Проблему любовного дезертирства в русской литературе можно объяснить определенным социобиологическим статусом персонажей, их пребыванием на стадии постоянных метаморфоз. Гоголевское описание Плюшкина – («и не мужик, и не баба») развивает мифологические принципы конструирования образа Чичикова («не красив, и не дурен собой...») и Манилова («ни то, ни се»), подготавливают почву для асексуальности, традиционно ассоциирующейся с темой старости. Пожилое и рефлексирующее сознание героев более располагает их к рассуждениям об идеалах или потерянном смысле существования, нежели к реализации конкретных бытийных задач. Персонаж русской литературы вынужден самостоятельно формулировать и экспериментально, на своей судьбе, испытывать символические императивы культуры. При отсутствии автора-просветителя, неизменного проводника-комментатора смыслов английских и французских романов, друга – наставника героев и читателей действующее лицо в русской словесности, если и объясняется, то исключительно в контексте психологической нетождественности. Автор намеренно усложняет ситуацию выбора, предлагая герою и читателю самим его сделать. В этой системе повествования отсутствуют правила, все выстроено на альтернативах. Участникам сюжета – любовному инициатору и жертве самообмана – до встречи не с кем было поделиться жизненным опытом, переживаниями, а главное, они интуитивно ощущали потребность в ком-либо, кто мог бы выступить в качестве альтер эго, отмеченный идентичным этико-философским знаком.

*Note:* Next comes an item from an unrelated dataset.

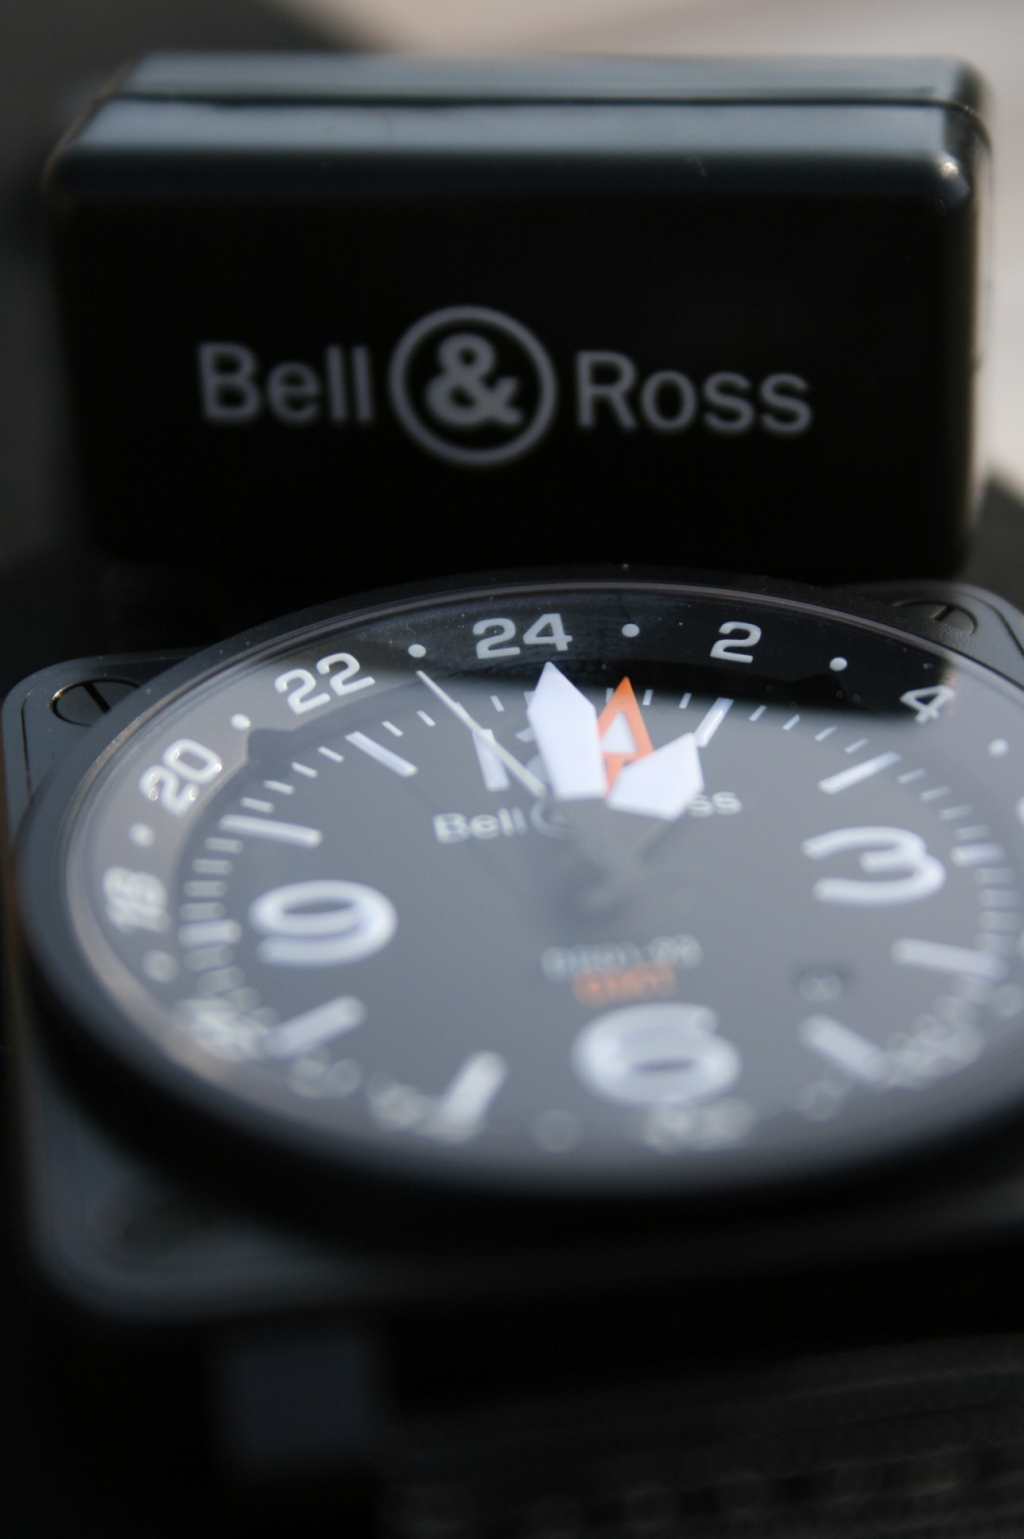 Le club des heureux propriétaires Bell and Ross - Tome II - Page 40 1010090204201149036893011

Предоставленные самостоятельным формам самореализации персонажи пребывают в поисках существа, с которым можно было бы заключить перемирие, компенсировать тем самым тотальное противостояние миру. Женщина в русской литературе оказывается именно таким даром судьбы, она готова с радостью или покорным смирением разделить предлагаемые драматические обстоятельства, лишь бы уйти от надоевшей обыденности. За редким исключением кому-либо из персонажей удалось перспективно и действенно развить картину гипотетических испытаний; обычно находились убедительнейшие причины – от смерти до банального обмана, – чтобы прогнозируемая в сюжете объяснения в любви реальность превратилась в щемящее воспоминание.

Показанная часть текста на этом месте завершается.